A – La représentation avantageuse de l’Ecosse à Westminster

L’aspect asymétrique des arrangements constitutionnels introduits en 1999 avec la mise en œuvre des projets travaillistes de dévolution n’est pas un élément inconnu de la politique britannique car l’Etat britannique a depuis longtemps usé d’arrangements à géométrie variable. Ce fut notamment le cas avec la représentation inégale des députés à la Chambre des Communes. En effet, l’Ecosse et le pays de Galles ont longtemps joui d’une surreprésentation de leur population au Parlement. Or, la création d’arènes politiques distinctes en Ecosse et au pays de Galles ne devait-elle pas remettre en cause ce privilège ? C’est la question que se sont posés de nombreux observateurs politiques britanniques à la veille de la création des nouvelles institutions. Certains soulevèrent alors le spectre d’un retour de bâton anglais, et donnèrent voix au mécontentement de certaines régions anglaises, souvent proches à la fois géographiquement et économiquement de l’Ecosse. Si la surreprésentation du pays de Galles n’était pas remise en cause en raison de l’étendue limitée des pouvoirs de sa nouvelle Assemblée, l’Ecosse était, quant à elle, dans la ligne de mire des partisans d’une réévaluation plus égalitaire de la représentation politique à Westminster. Pourtant, la représentation de l’Ecosse à Westminster demeura identique à ce qu’elle avait été avant 1999 pendant toute la durée des deux premiers mandats de Tony Blair, un avantage considérable pour le parti travailliste dont sont issus la majorité des députés écossais. Nous verrons que la présence des députés écossais reste néanmoins controversée, même après la réduction de leur nombre en 2005.
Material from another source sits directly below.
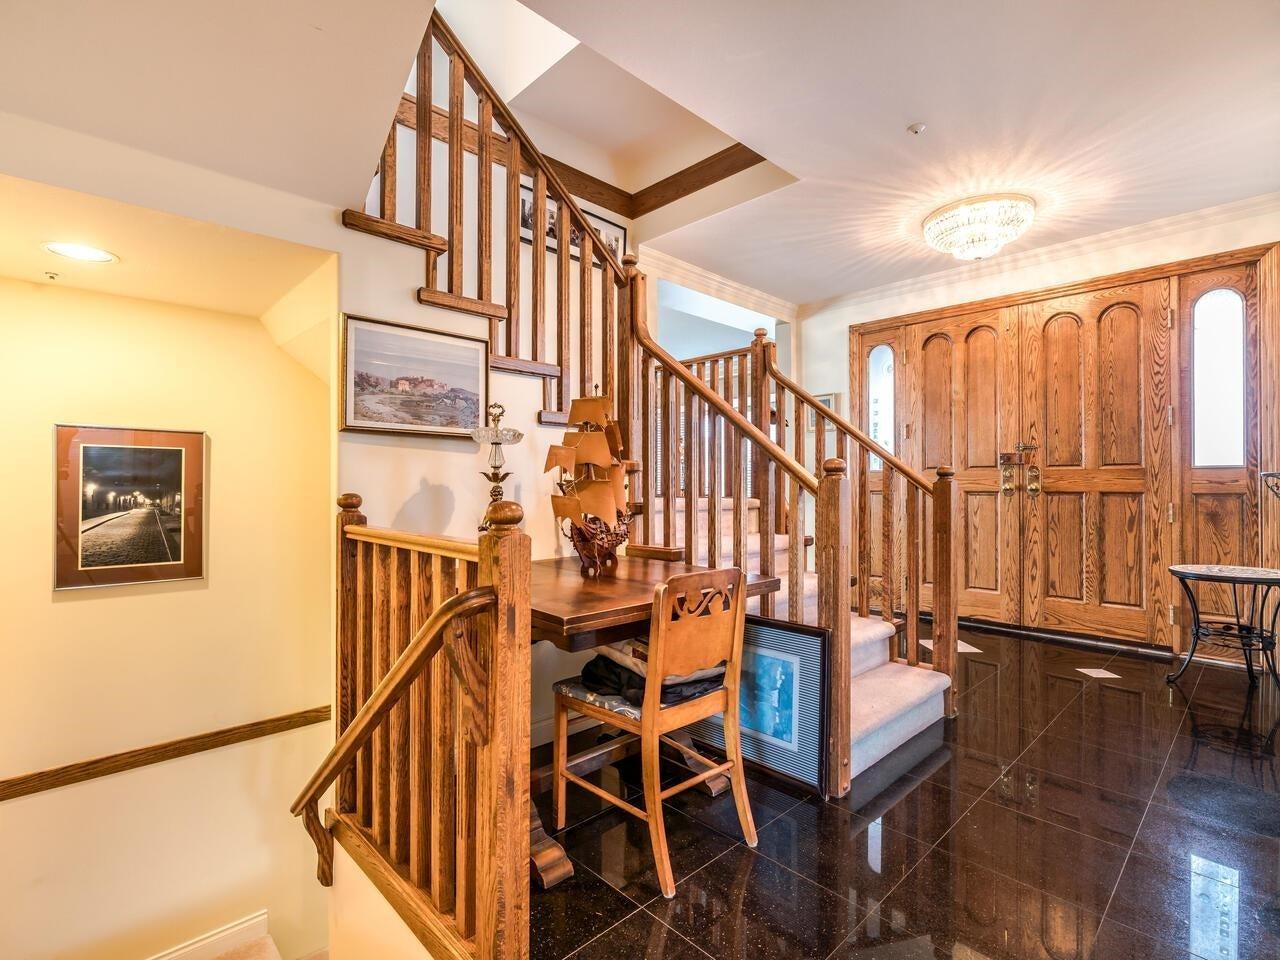 7888 JASPER CRESCENT - Fraserview VE House/Single Family for sale, 7 Bedrooms (R2622945) - #2
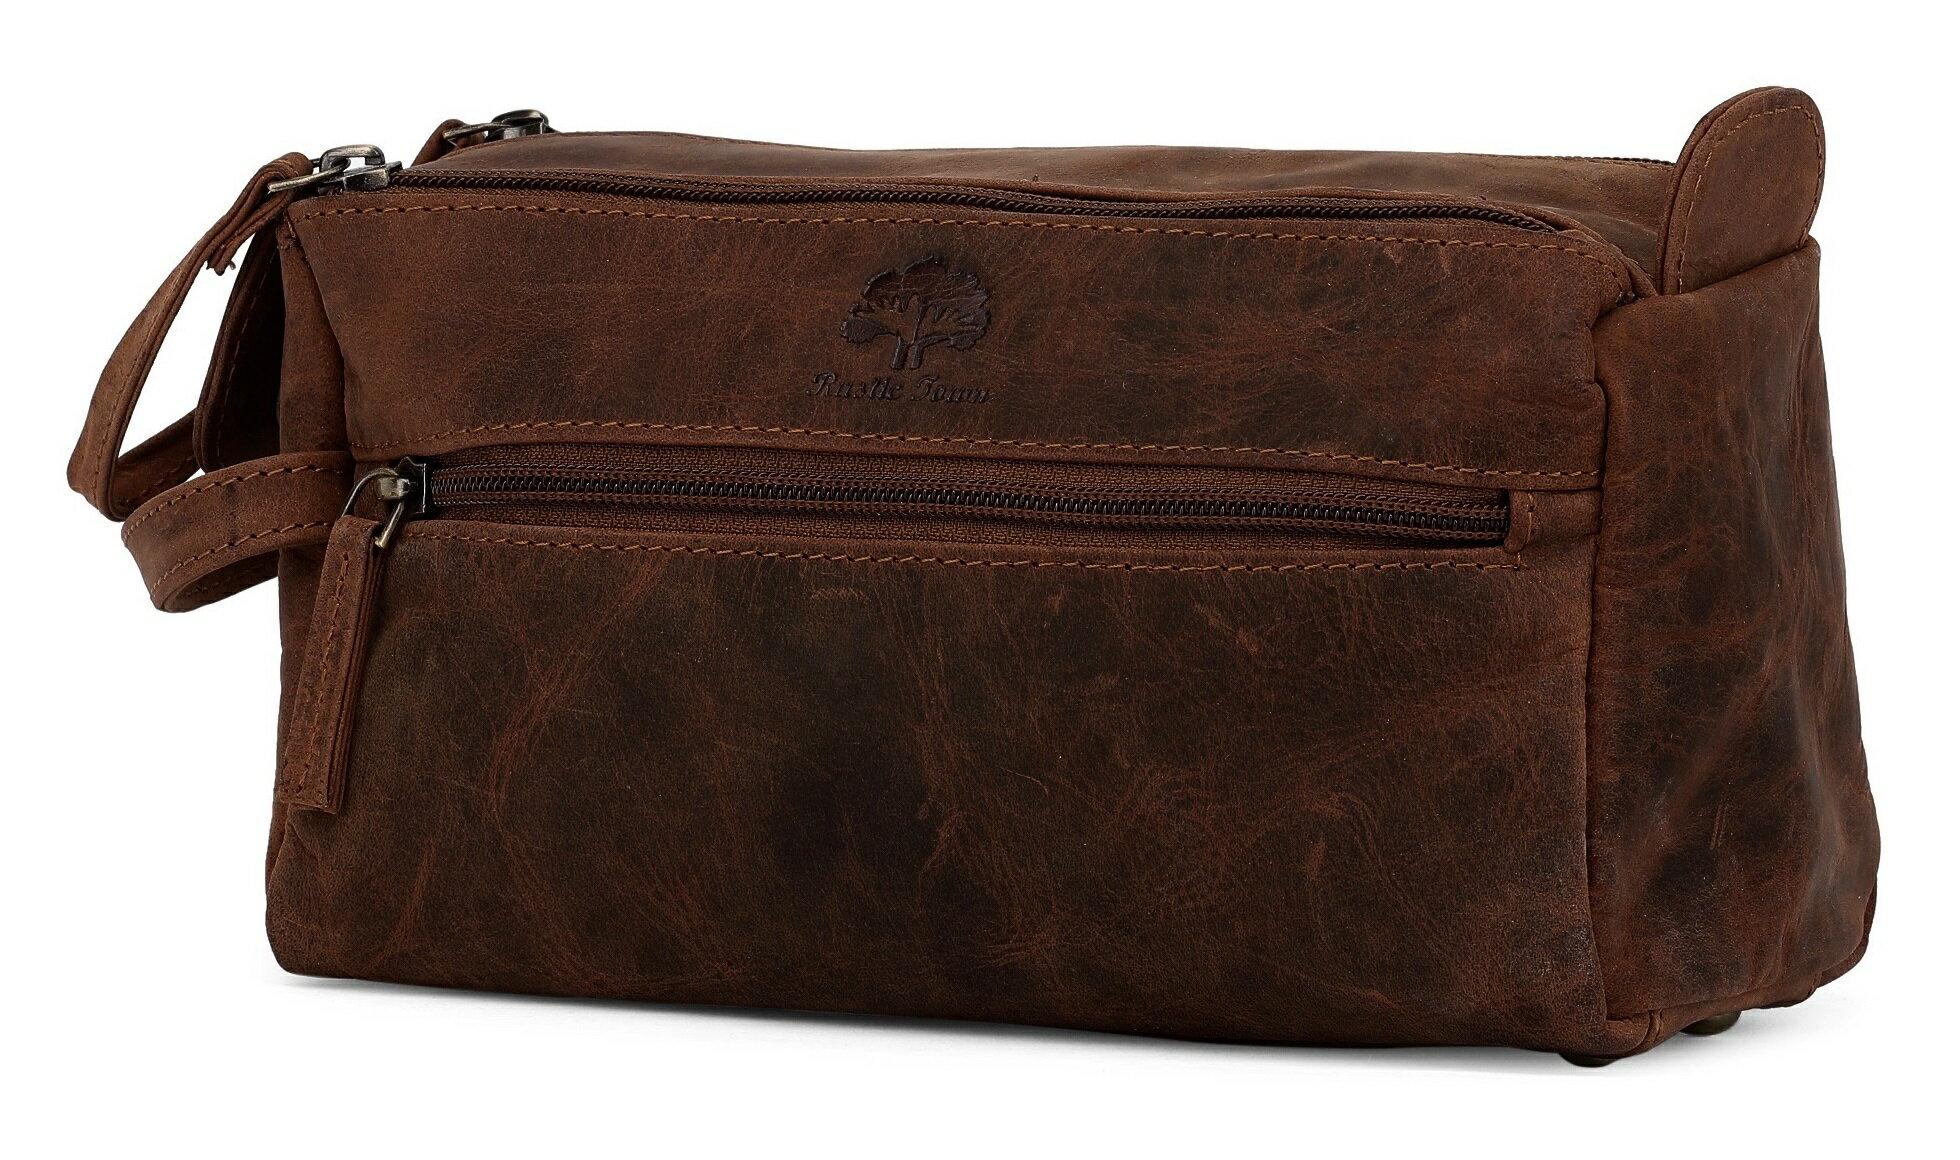 Genuine Leather Travel Toiletry Bag - Hygiene Organizer Dopp Kit By Rustic  Town (Dark Brown 3ea6610312ba8

Paradoxalement, la création du Parlement écossais n’a pas entraîné de bouleversement immédiat du système de représentation écossaise à Westminster. Outre la présence continue de soixante-douze députés écossais à Westminster jusqu’en 2005, l’Ecosse conservait plusieurs commissions parlementaires au Parlement dont certaines sont toujours existantes. Ainsi, le Scottish Affairs Committee n’a cessé d’enquêter, comme le veut ses fonctions, sur l’administration et la politique menée par le Scotland Office et le secrétaire d’Etat pour l’Ecosse, dont l’étendue des pouvoirs a pourtant indéniablement diminué. D’autre part, le maintien de la « Grande commission écossaise » (Scottish Grand Committee) à la Chambre des Communes peut paraître d’autant plus surprenant qu’elle constituait avant la création du Parlement écossais l’unique arène politique écossaise. La Grande commission écossaise rassemblait en effet l’ensemble des députés écossais de Westminster et servait à l’examen des propositions de loi relatives à l’Ecosse. Ses fonctions étant désormais dévolues à Holyrood son existence continue peut alors paraître injustifiée. Bien que sa suppression à l’entrée en fonction du Parlement écossais ait été recommandée par la commission des procédures aux Communes (Procedure Select Committee) dans son rapport du 19 mai 1998, le gouvernement s’y opposa fermement. La Grande commission écossaise devait permettre aux députés de continuer de débattre des propositions de loi pouvant avoir un impact en Ecosse. La Grande commission poursuivit par conséquent son travail après 1999 et elle se réunit quatre fois entre 1999 et 2000, une fois seulement entre 2000 et 2001, cinq fois entre 2001 et 2002 et trois fois entre 2002 et 2003. Sa dernière réunion eut lieu le 13 novembre 2003 et elle ne s’est pas rassemblée depuis. Le fonctionnement désormais bien huilé du nouveau Parlement écossais la rend sans doute superflue.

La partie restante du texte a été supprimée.